Mahesa memberi peringatan pada Sekar Wangi, ia sudah siap menarik pedang dari sarungnya kalau Selir Utama itu berani bertindak.

Sekar Wangi nampak cemas, ia yakin kalau Zain tahu bahwa Arsy dipermalukan, pria itu tidak akan membiarkan dirinya hidup dengan tenang.

Selir Utama itu tersenyum saat mengingat bahwa Zain sekarang berada bersama Jiao Hua hingga tidak akan mungkin muncul dengan cepat.

“Hahaha…” Selir cantik itu tertawa angkuh, kemudian menatap Mahesa sinis.

“Kamu pikir aku takut, dia hanyalah pria lemah. Kalau Pangeran Mahkota berani bertindak padaku, tentu aku akan melaporkan pada Raja, semua orang juga tau kalau Yang Mulia Raja Jaya Negara sangat mencintai ku.”

“Kalau begitu…”

Sekar Wangi terkejut mendengar suara Zain, tak lama kemudian pria itu muncul dari balik pintu lalu berjalan angkuh mendekati sang Istri.

Sang Pangeran Mahkota menggerakkan tangan meraih jemari Arsy lalu menggenggamnya.

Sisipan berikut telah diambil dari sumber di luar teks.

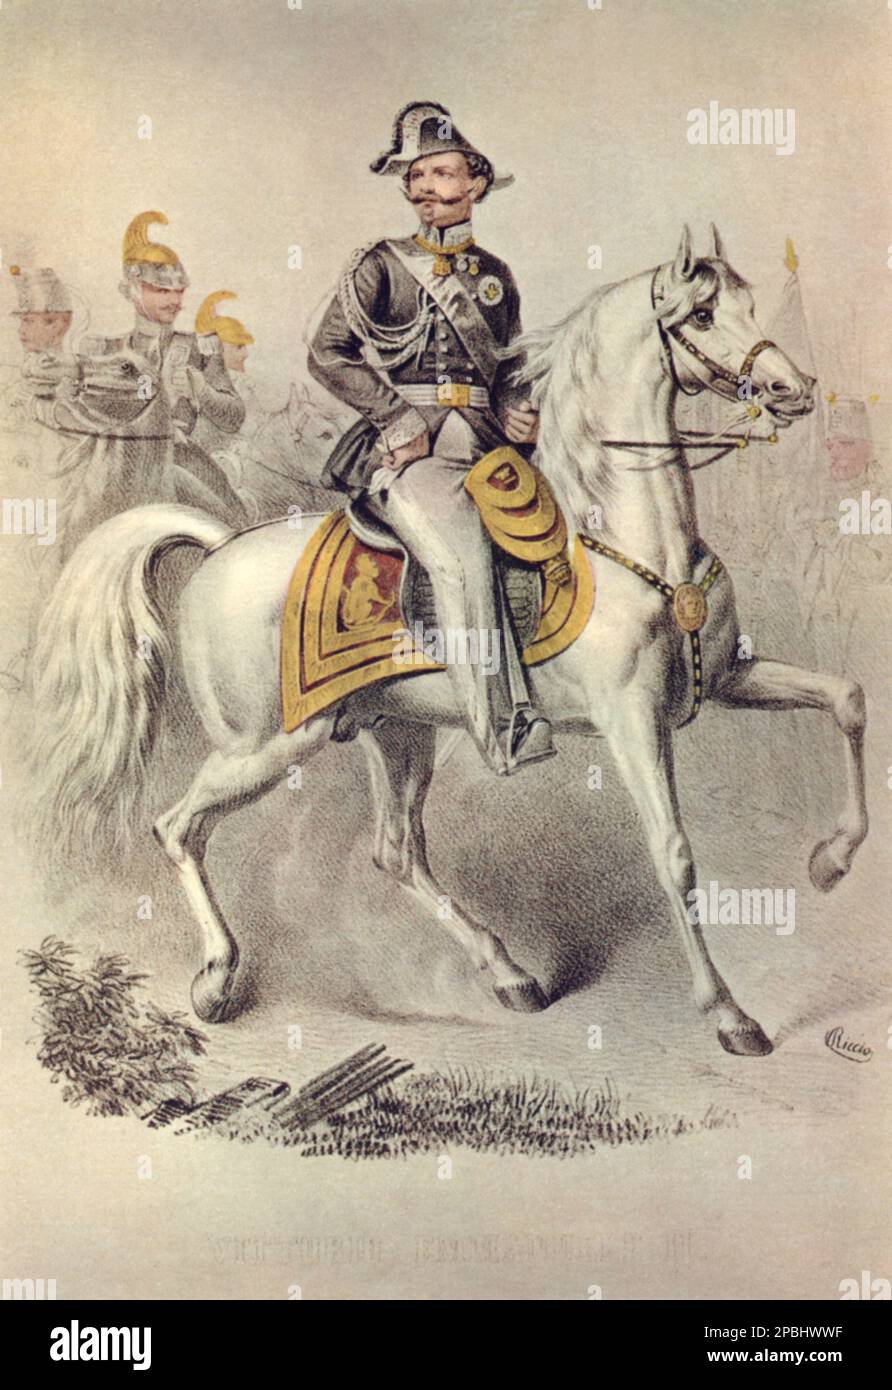 1860 Ca, Italien : der italienische König VITTORIO EMANUELE II di SAVOIA ( 1820 - 1888 ) während des Krieges von 1859, Popular Print von Riccio - Italien - ITALIA - CASA SAVOIA - REALI - Nobiltà ITALIANA - SAVOY - ADEL - KÖNIGE - GESCHICHTE - FOTOSTORICHE - Könige - nobili - Nobiltà - Portrait - Rituto - Baffi - Schnurrbart - Militäruniform - Divisa uniforme militare - ITALIA - Incisione - Gravur - Pferd - cavallo - Equitazione --- Archivio GBB Stockfoto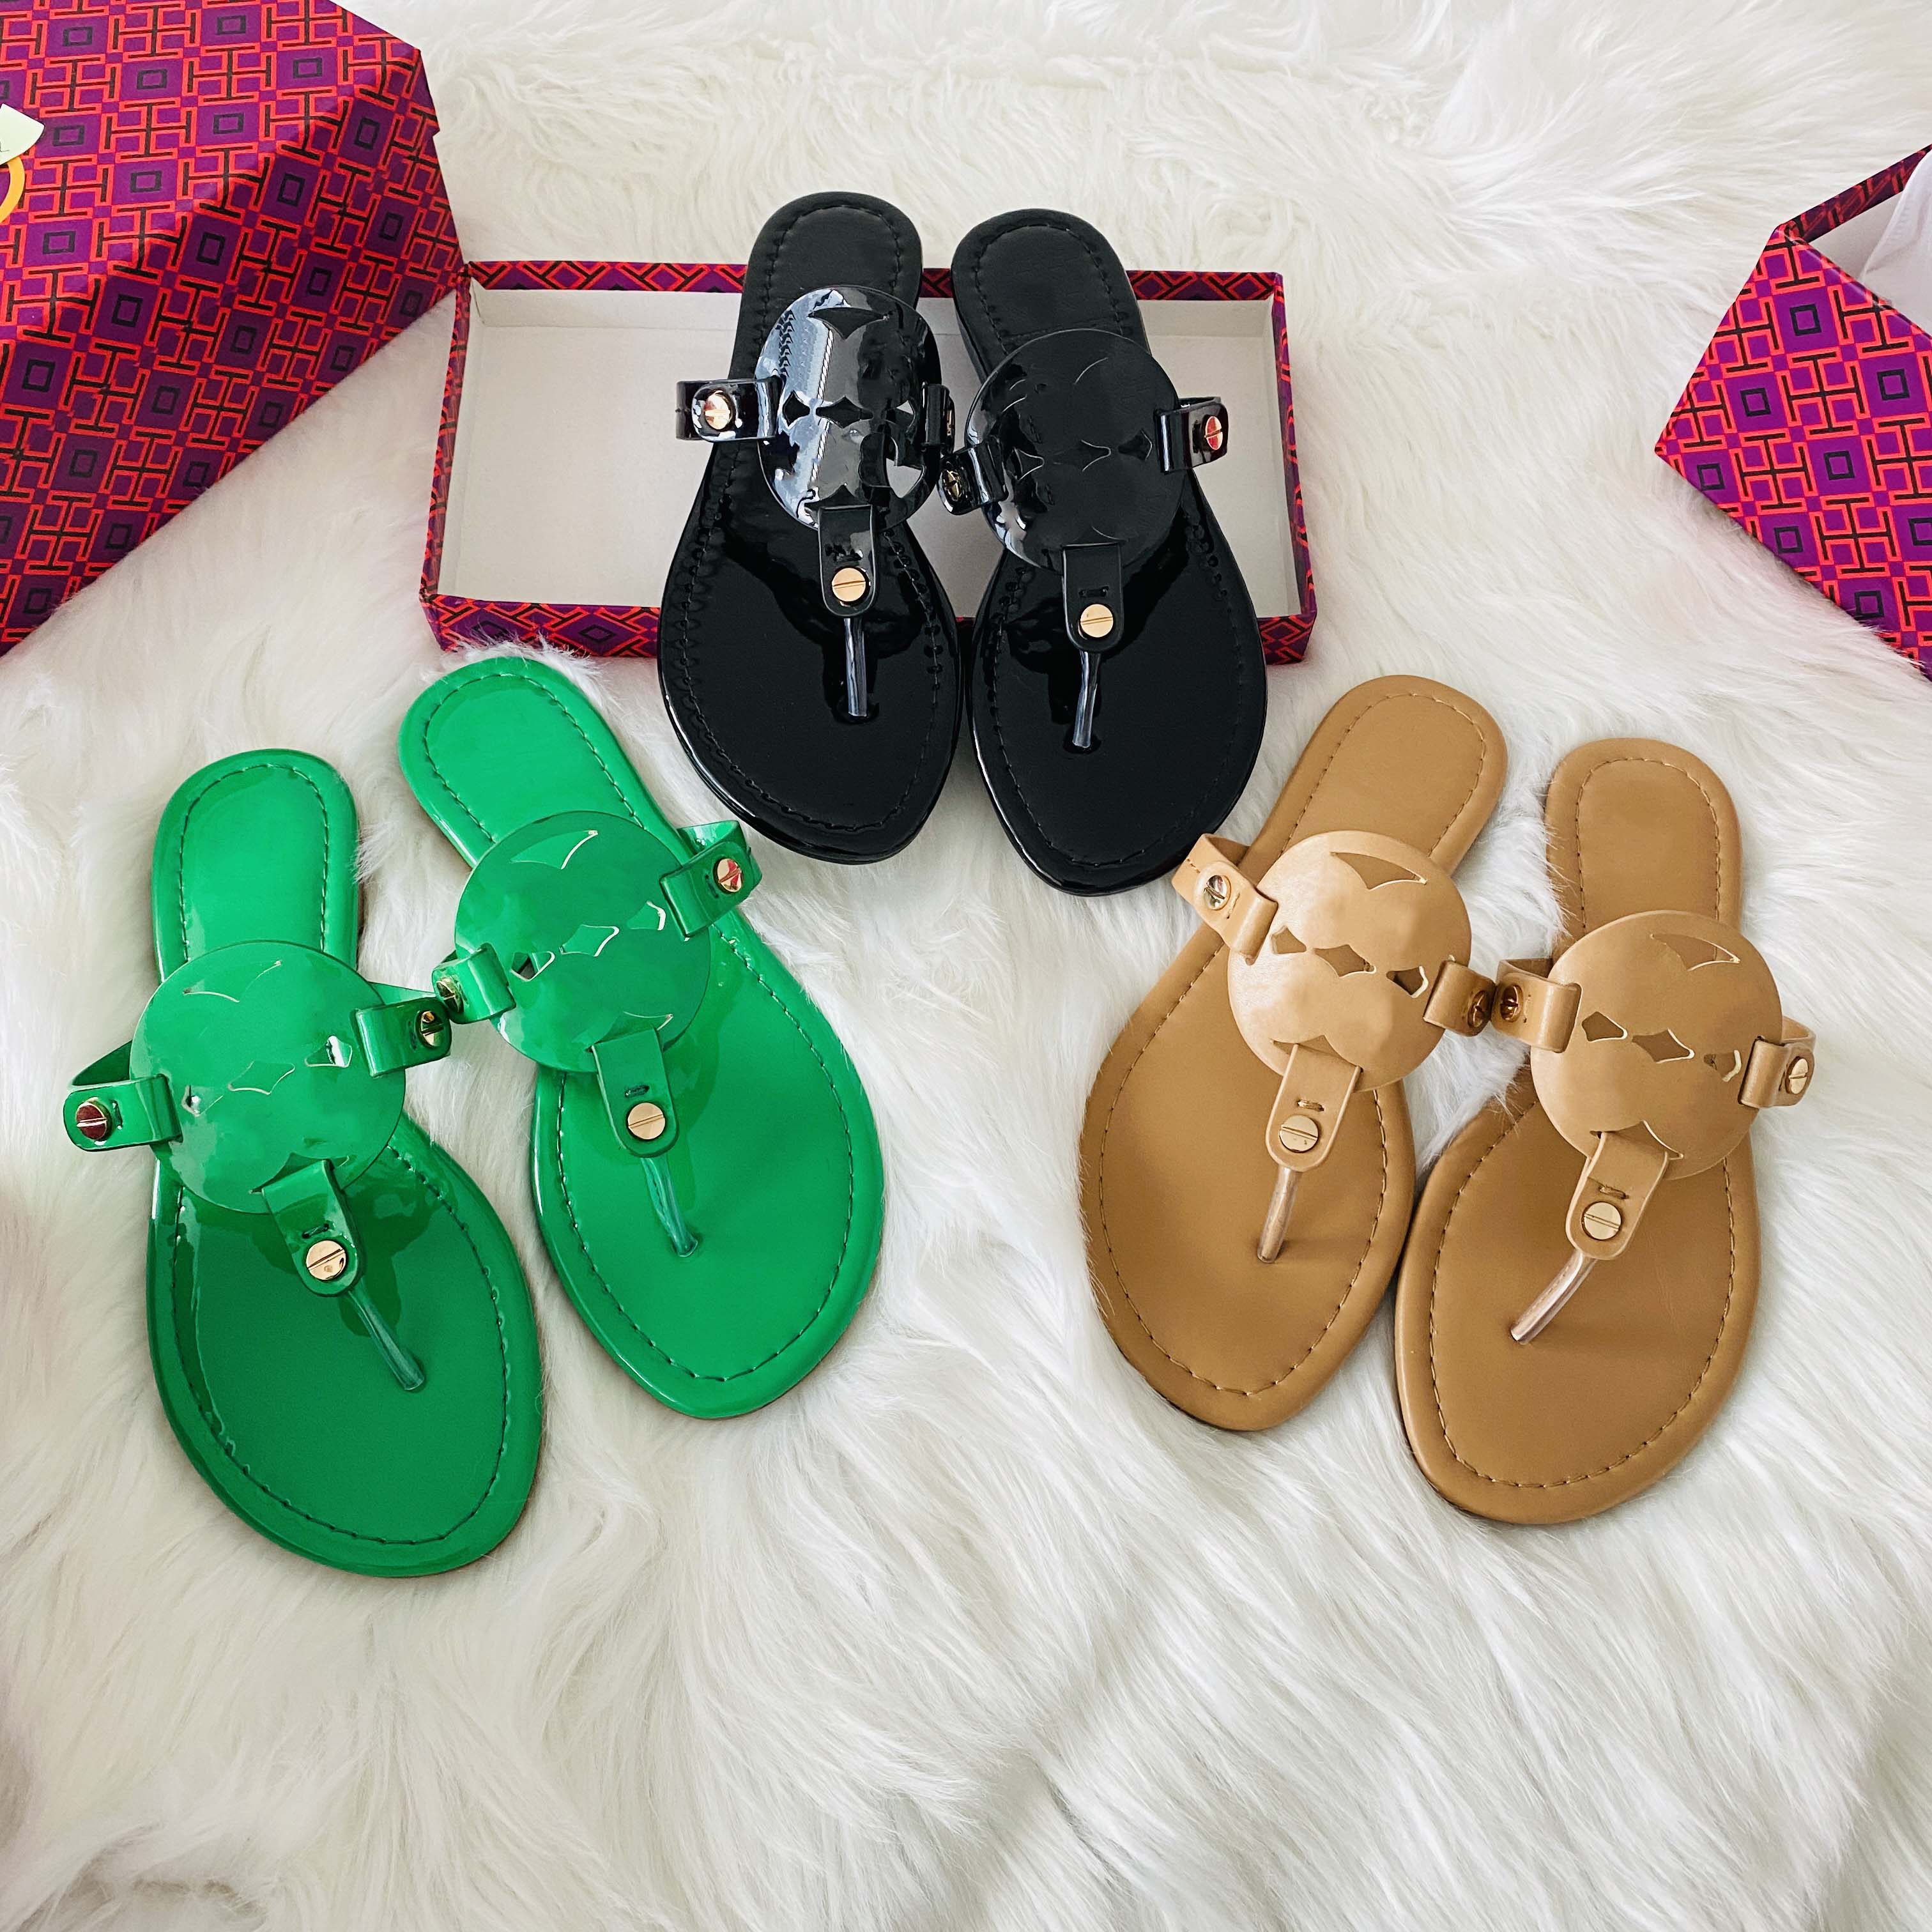 

Luxury Brand Sandals Designer Slippers Slides Floral Brocade Genuine Leather Flip Flops Women Shoes Sandal without box by shoe10 20, #19

“Lakukan apa yang ingin Ibu Selir lakukan, dan aku akan melakukan apa yang ingin ku lakukan. Kita bisa lihat bersama, siapa yang paling disayang Ayah.”

Raut muka Ne Shu berubah masam melihat Zain begitu sangat melindungi Arsy, ia mencengkram erat bajunya.

“Kakak pertama, kenapa Kakak selalu membela wanita itu? Dia hanya seorang pelayan biasa.”

Putri cantik itu menunjuk wajah Arsy dengan jari telunjuk.

“Jangan bersikap lancang, Ne Shu! Arsy adalah Istri ku, artinya dia adalah Permaisuri Pangeran Mahkota, calon Ratu kerajaan Bintang Tenggara,” tegas Zain menatap Ne Shu dingin.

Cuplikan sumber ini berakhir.